In PC mouse models, current evidence can support both a basal [149,150,151,152] and a luminal [128,146,153] CSC model of PC and can initiate PC with heterogeneous molecular signatures that are predictive of human patient outcomes. 3D culture of luminal cells derived from a PTEN-TP53-null mouse model was able to initiate adenocarcinoma or tumors with multilineage histological phenotypes [154].

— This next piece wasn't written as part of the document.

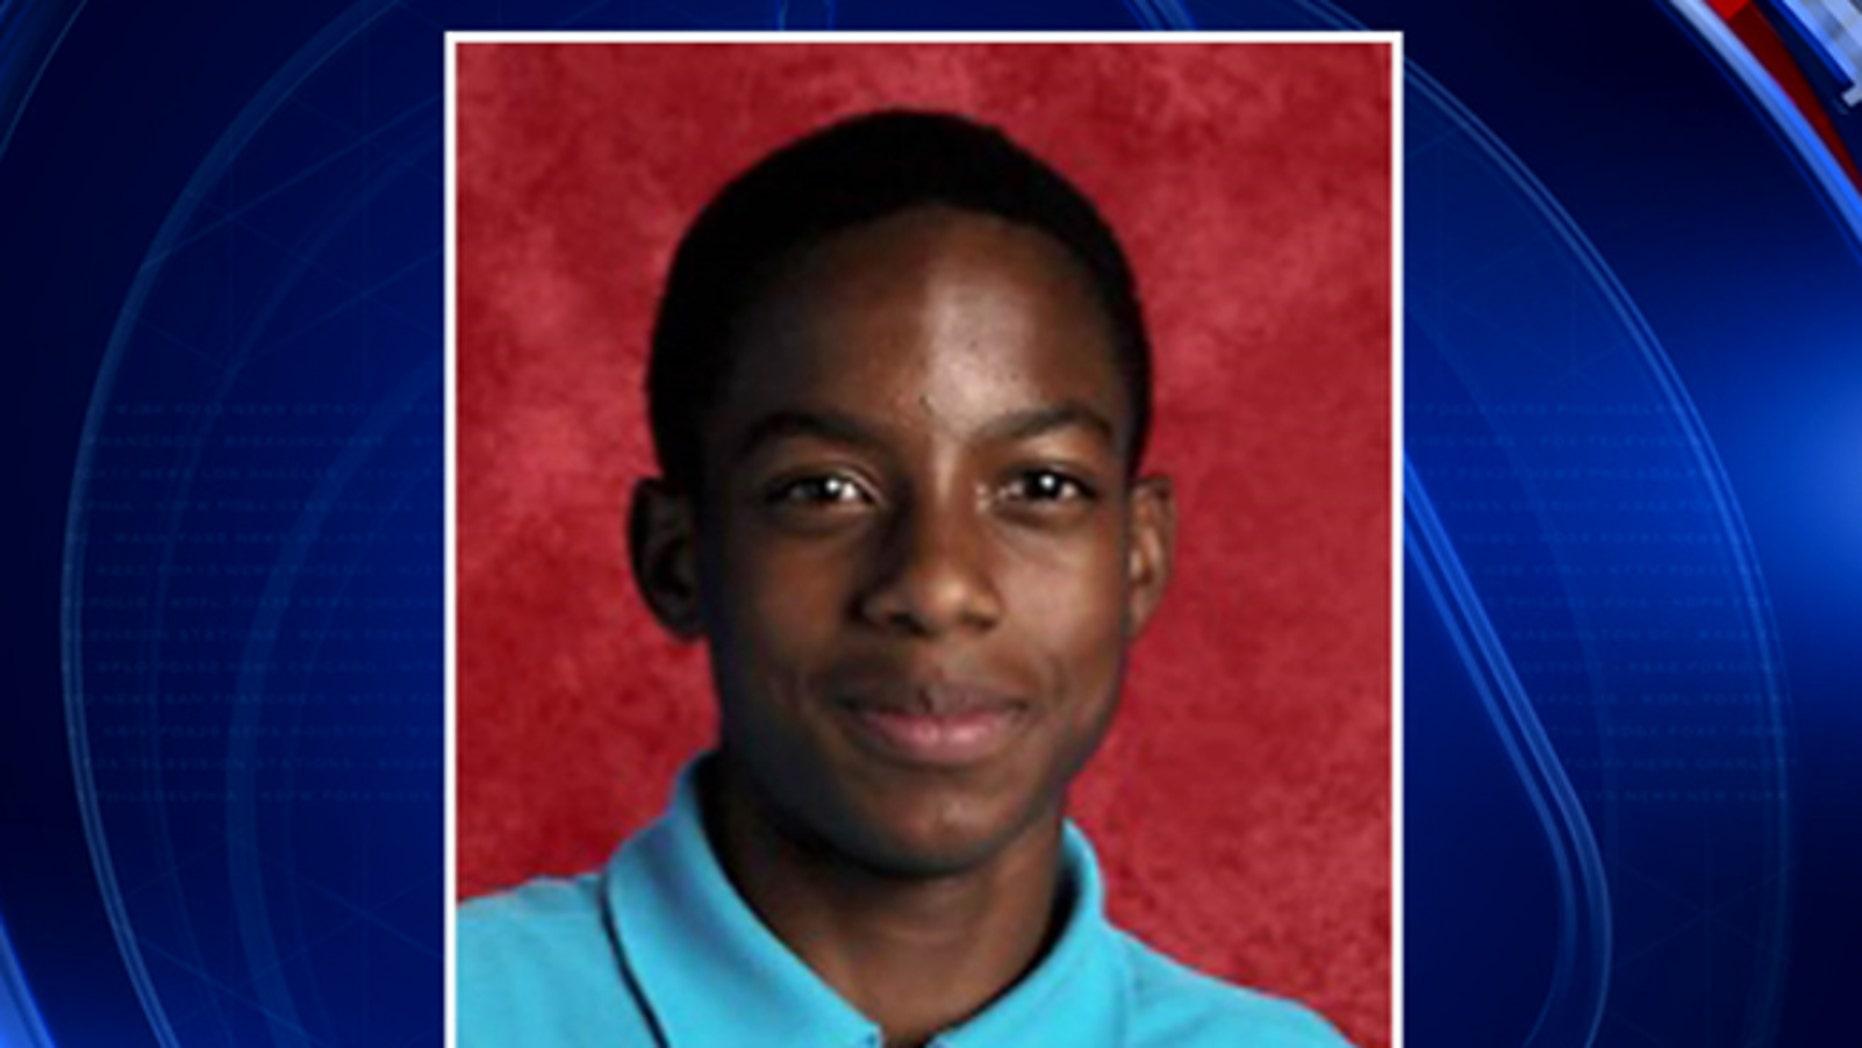 Jordan Edwards, 15, was shot and killed by former Officer Roy Oliver.

In the dog PC model, we have established PC organoids from urine-derived CSCs. We showed that the basal cell-sorted organoids grew more efficiently than the luminal cell-sorted ones [94,97]. Moreover, the organoid-forming efficiency of basal cell-sorted organoids was significantly higher and had solid sphere structures compared with that of luminal cell-sorted organoids which had glandular structure. Interestingly, these data correspond with those recorded before in human prostate sorted cell-derived organoids [148], emphasizing the importance of this model in analyzing the cell of origin of PC in human. Compared with human, dogs are known to spontaneously develop PC [155] and have some similarities in the pathogenesis of the disease [156]. Therefore, dog PC may serve as a useful model for the diagnosis and treatment of PC in human.
4. Conclusions
Studies about PC have been restrained by the fact that current preclinical PC models do not accurately recapitulate the heterogeneity or complexity of the tissue microenvironment of PC. The advances in the development of organoids have thrilling possibilities for PC studies. The establishment of organoid biobanks and patient-derived organoids can facilitate the promotion of personalized medicine, for example, a high-throughput drug screening for therapeutic and toxic effects to identify the most effective and less toxic therapy for the individual patient. Additionally, an elucidation of the mechanism of drug resistance and a screening of genetic mutations responsible for the disease emergence and progression are now possible using this model. Future studies focusing on PC organoid culture will contribute to understanding the pathogenesis of human PC and identifying the new therapeutic target.
Funding
This research received no external funding.
Conflicts of Interest
The authors declare no conflicts of interest.